## [Exercise goal]
Instruction for the entries that follow: retype exactly the lines from the line with "Masil, 3 Salon Hair CMC Shampoo, 150 ml" to the line with "Gita in barca", both included, and omit all others.

## [Given records]
━━━

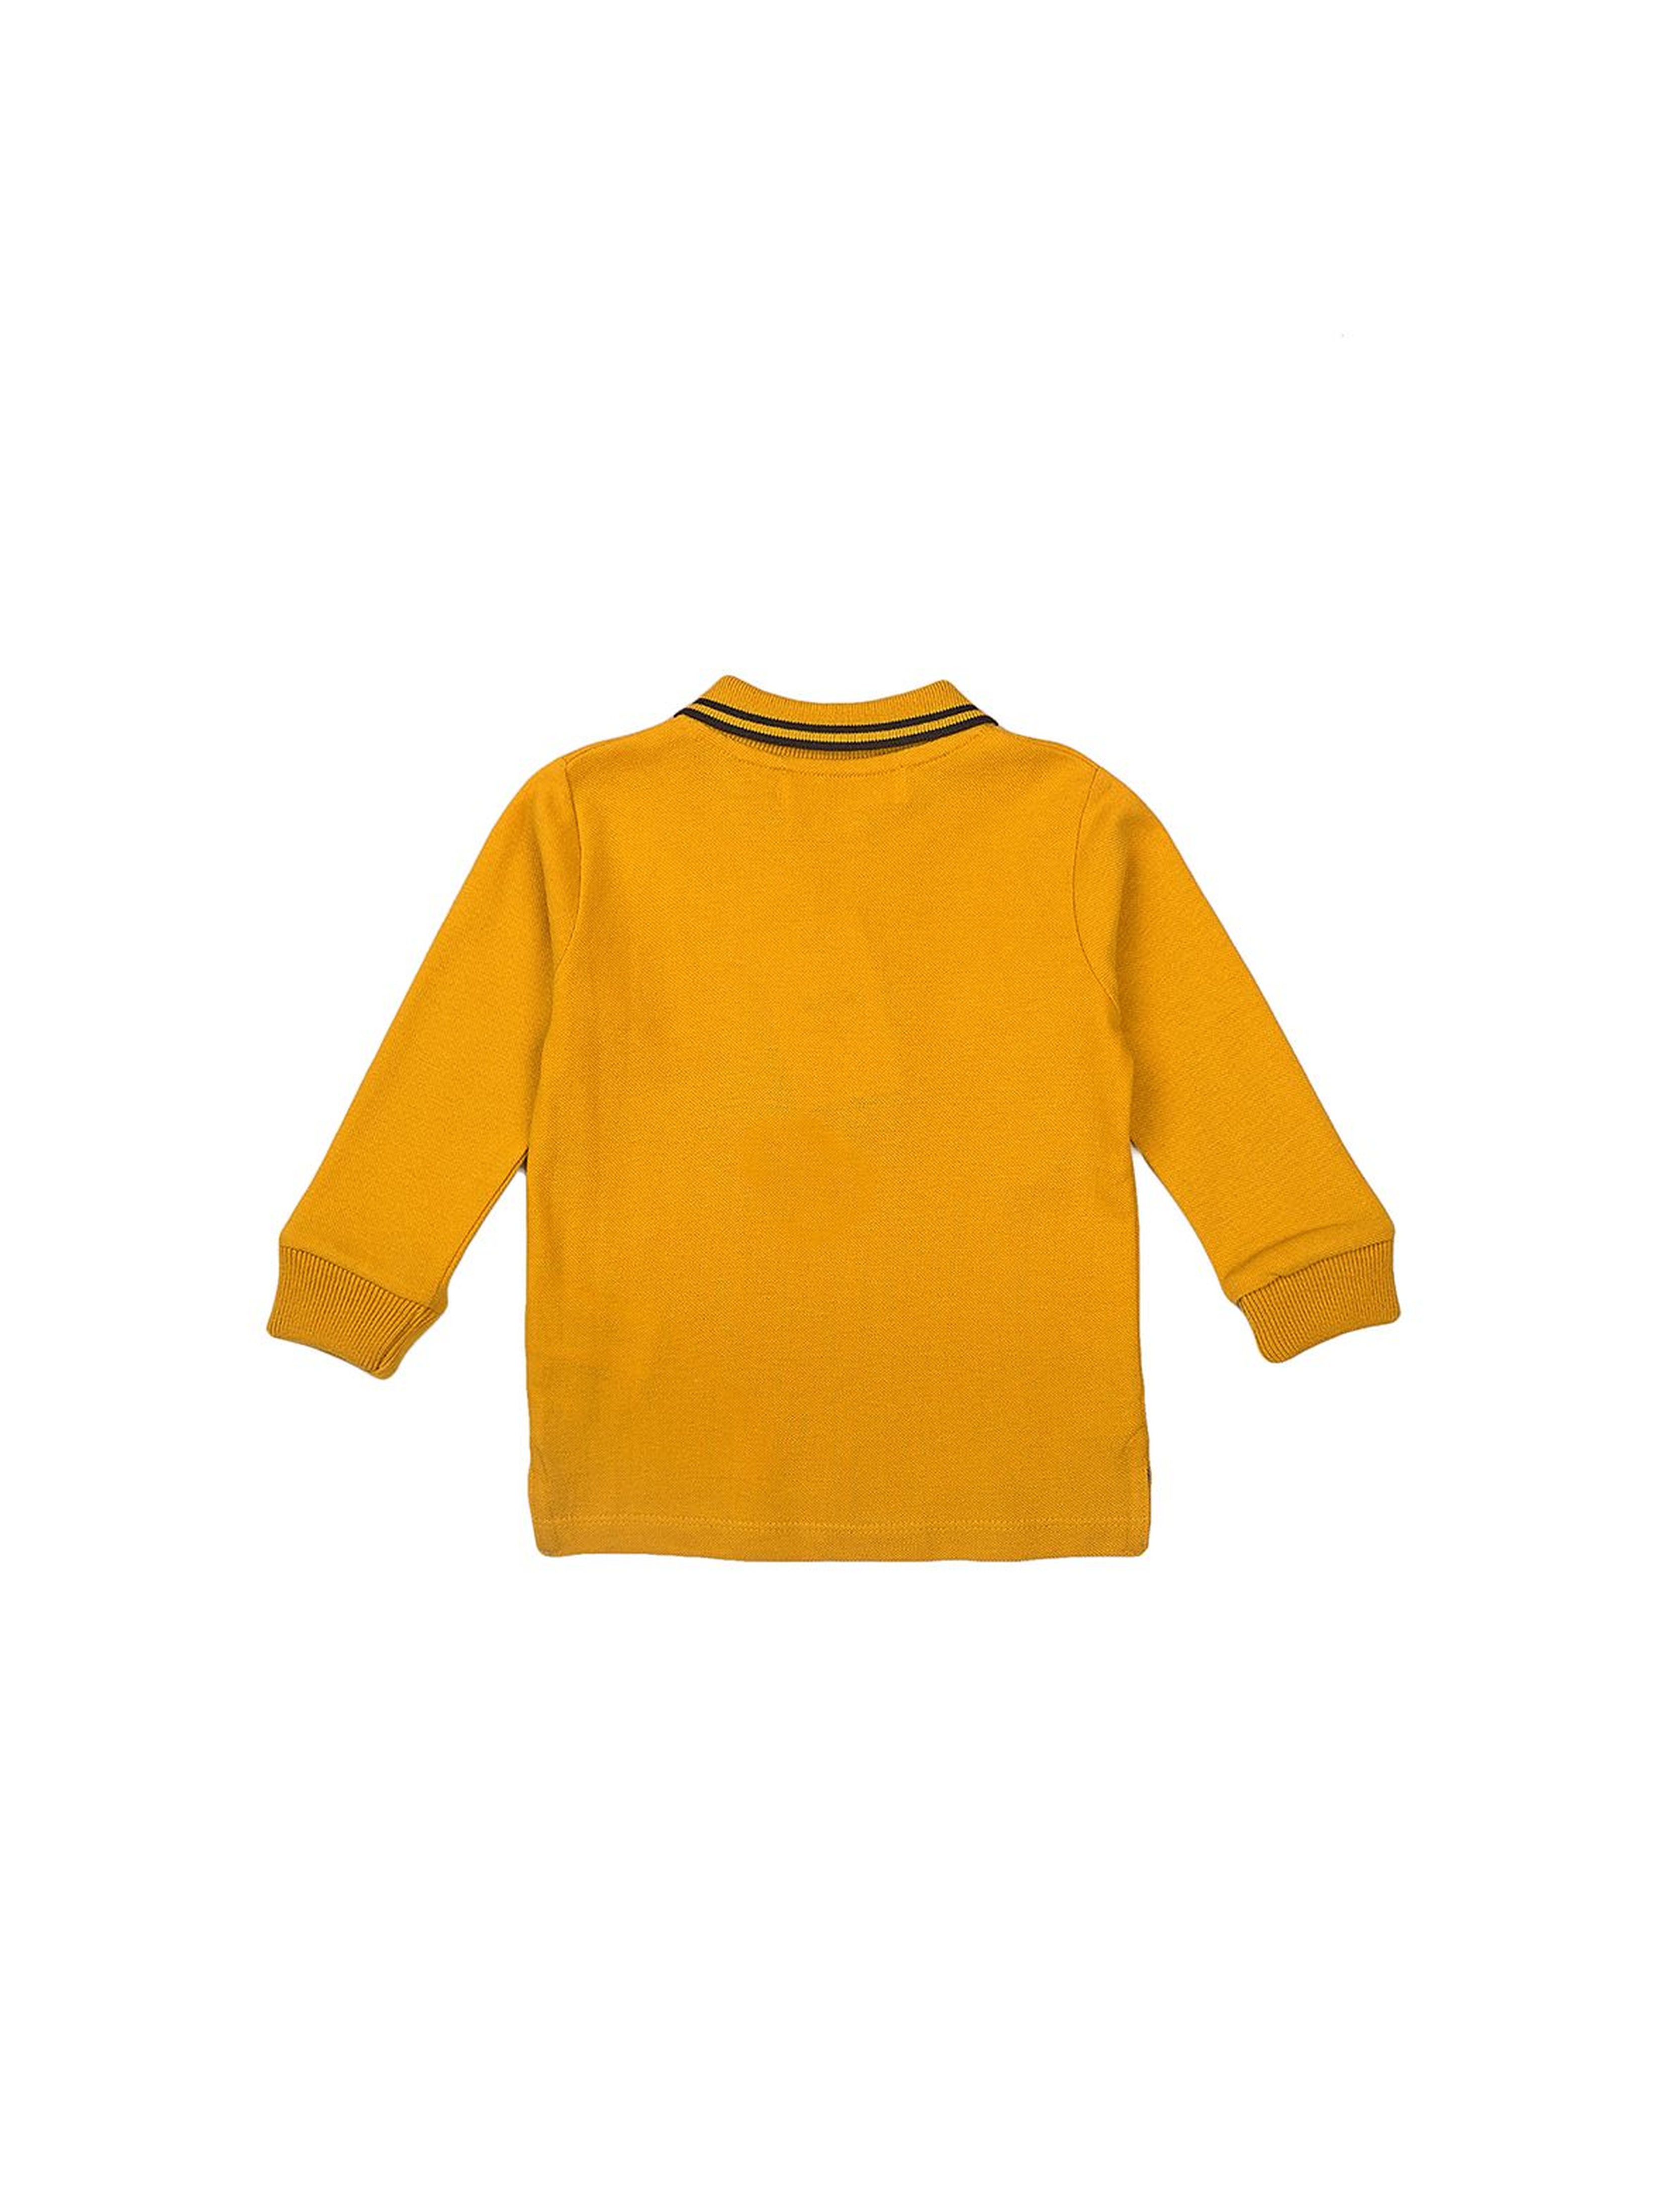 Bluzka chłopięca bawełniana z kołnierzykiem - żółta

━━━

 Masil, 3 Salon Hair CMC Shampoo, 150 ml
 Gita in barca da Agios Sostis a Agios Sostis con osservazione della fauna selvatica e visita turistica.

━━━

## [Response for this exercise]
 Masil, 3 Salon Hair CMC Shampoo, 150 ml
 Gita in barca da Agios Sostis a Agios Sostis con osservazione della fauna selvatica e visita turistica.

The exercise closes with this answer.